The commentary by director Russell Mulcahy, writer Paul W. Anderson, and producer Jeremy Bolt largely covers the technical side of the shoot and the filmmakers’ desire to set this movie apart from its predecessors. Given that I found the movie to be a failure on pretty much every level, I didn’t find it the least bit interesting.  

 

Nine deleted scenes (10 minutes) are also included. As you can tell by the aggregate running time, there’s not much here. But there are a couple more shots of Ali Larter from a very flattering angle, and that’s better than nothing. 

 

Beyond Raccoon City: Unearthing Resident Evil: Extinction (30 minutes) is a four-part making-of doc (you can also watch the four chapters as individual featurettes).
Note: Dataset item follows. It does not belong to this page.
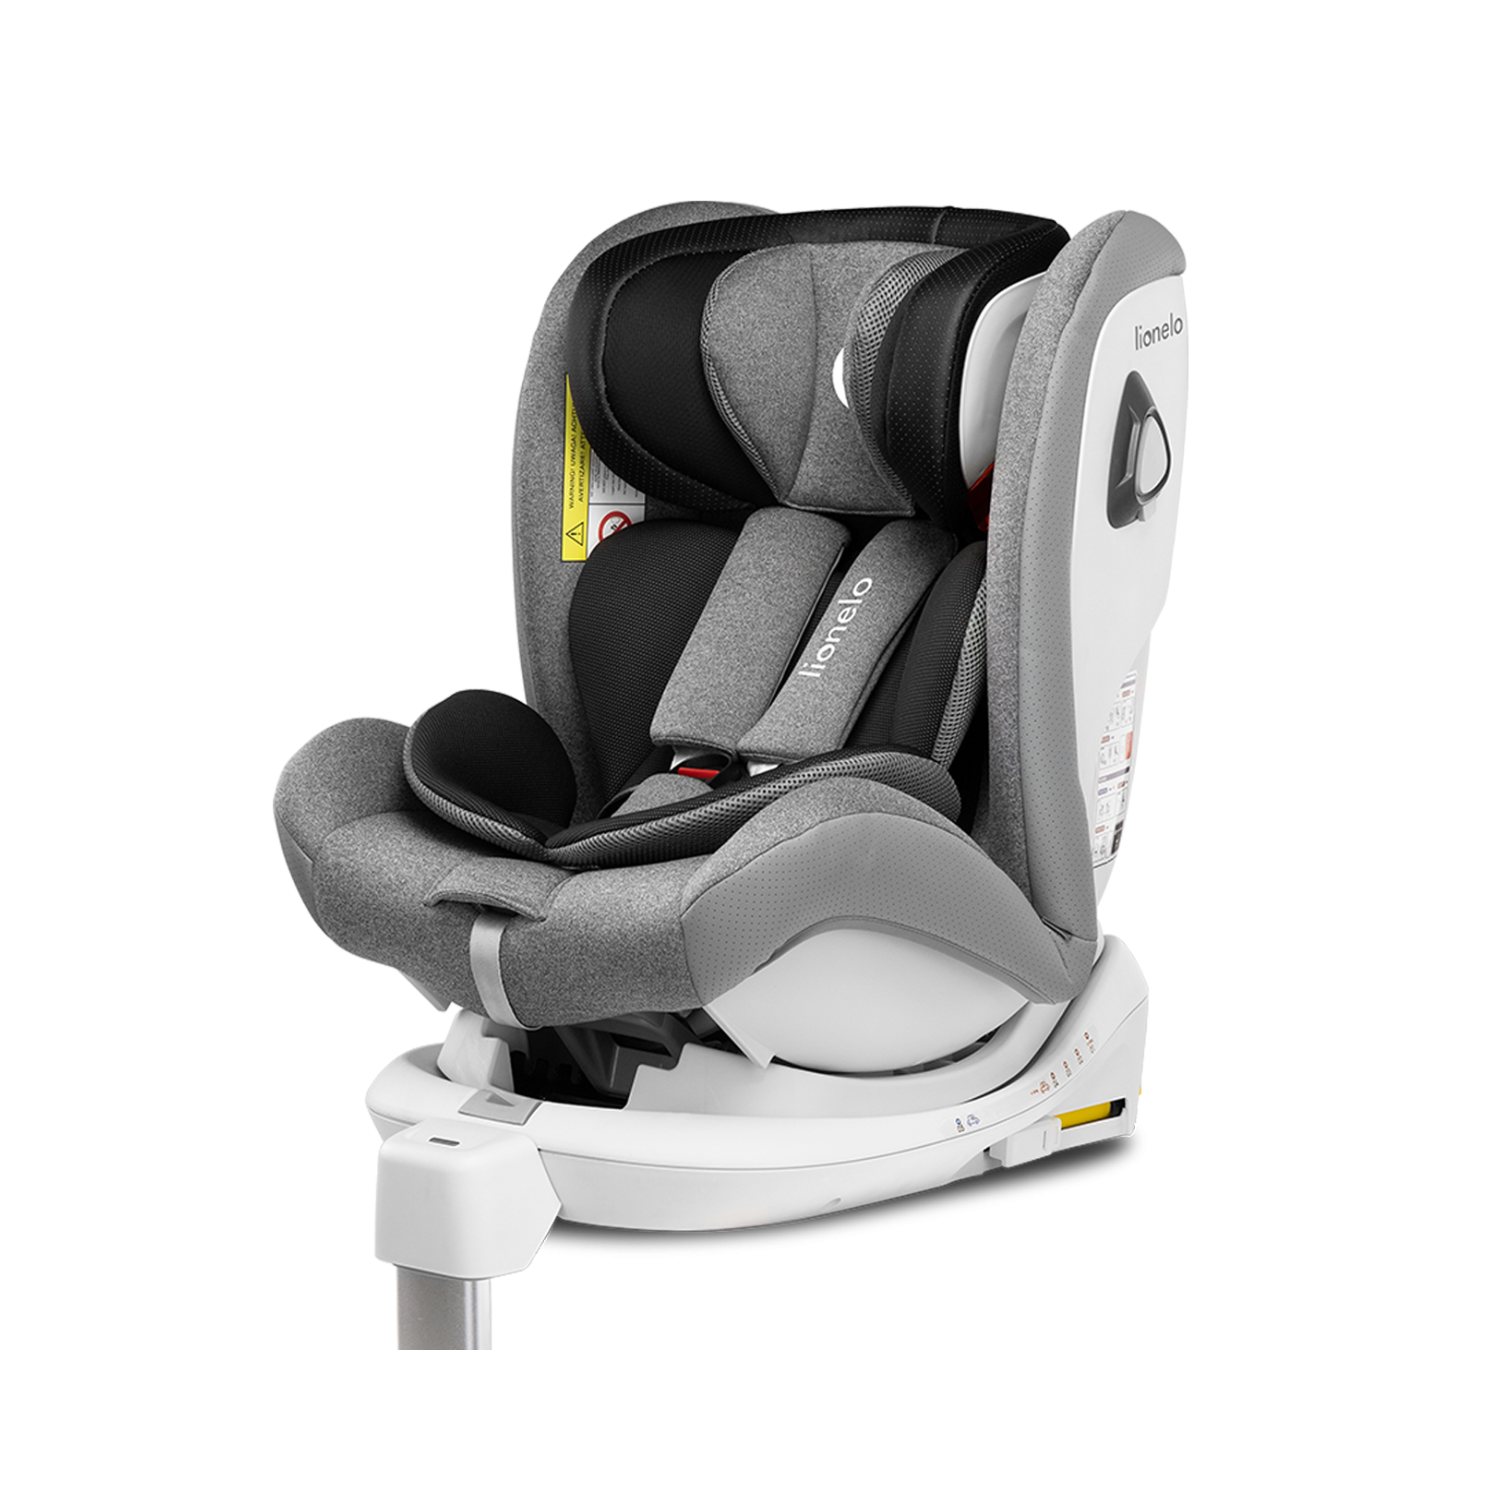 Lionelo Braam Stone — Child safety seat 0-36 kg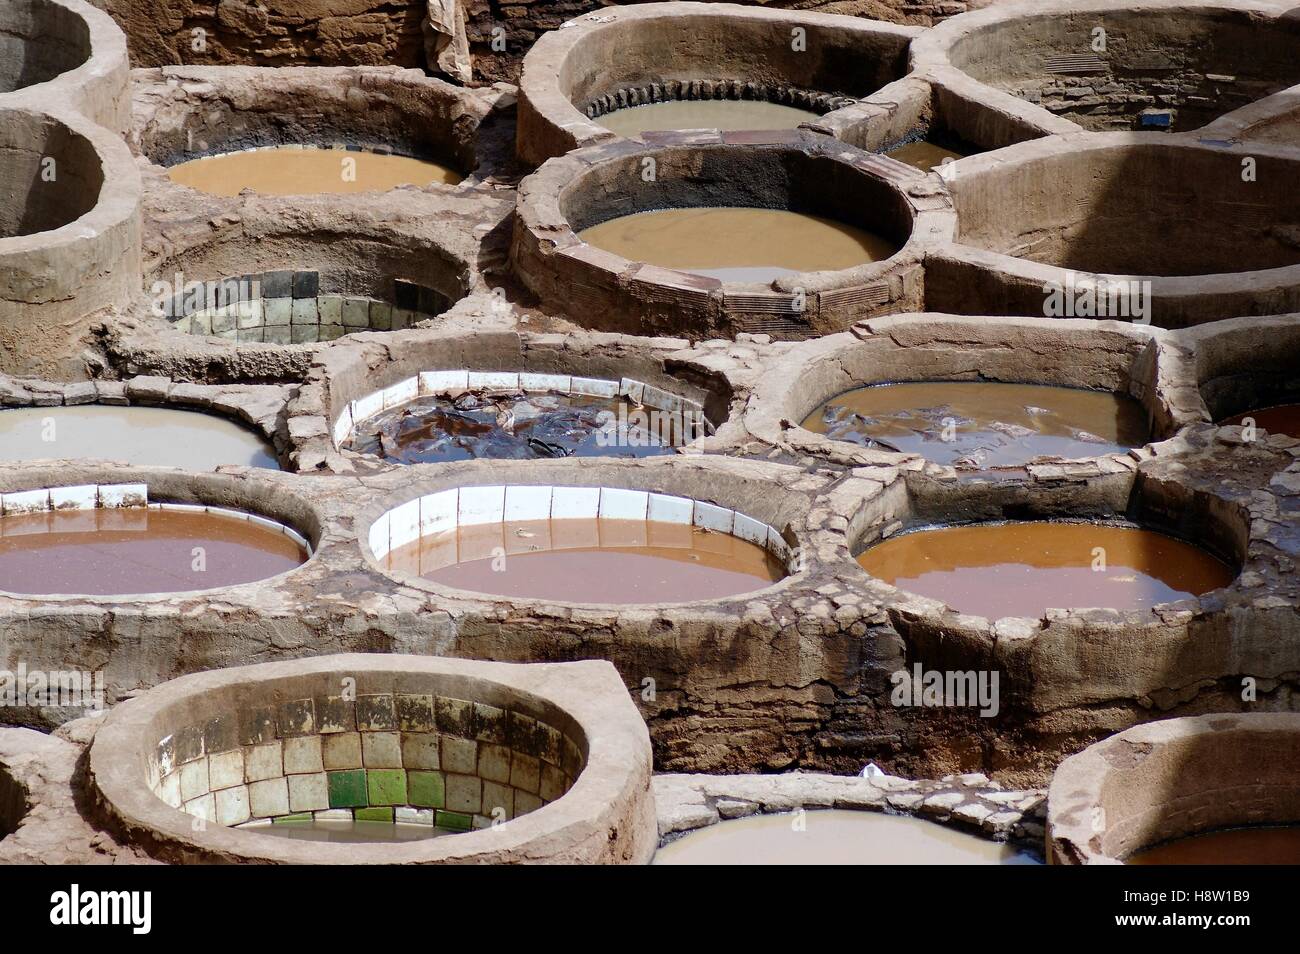 La storica conceria in pelle Chouara, o Chouwara, a Fez, in Marocco, utilizza tini da esterno in pietra rotonda per tingere i tessuti. Foto Stock

Topics covered include preproduction, the actual shoot, the make-up effects for the zombies, and the miniature effects used in the Las Vegas sequences.   

 

Under The Umbrella: Picture-in-Picture is similar to the In-Movie Experience option pioneered by Warner, or the U-Control feature found on some Universal HD discs. It runs concurrently with the movie, with material such as interviews, storyboards, and behind-the-scenes footage appearing in a smaller window. Some of the footage has been recycled from the above making-of doc, and much of the material is pretty useless. This is the first such PiP material to appear on a Sony disc, so perhaps they’re still working the kinks out of it. (Be aware you’ll need a Profile 1.1 compatible Blu-ray player--such as a PS3--in order to view this material.)

 

FINAL THOUGHT

 

Resident Evil: Extinction is awful. Just plain awful. Watch it at your own risk.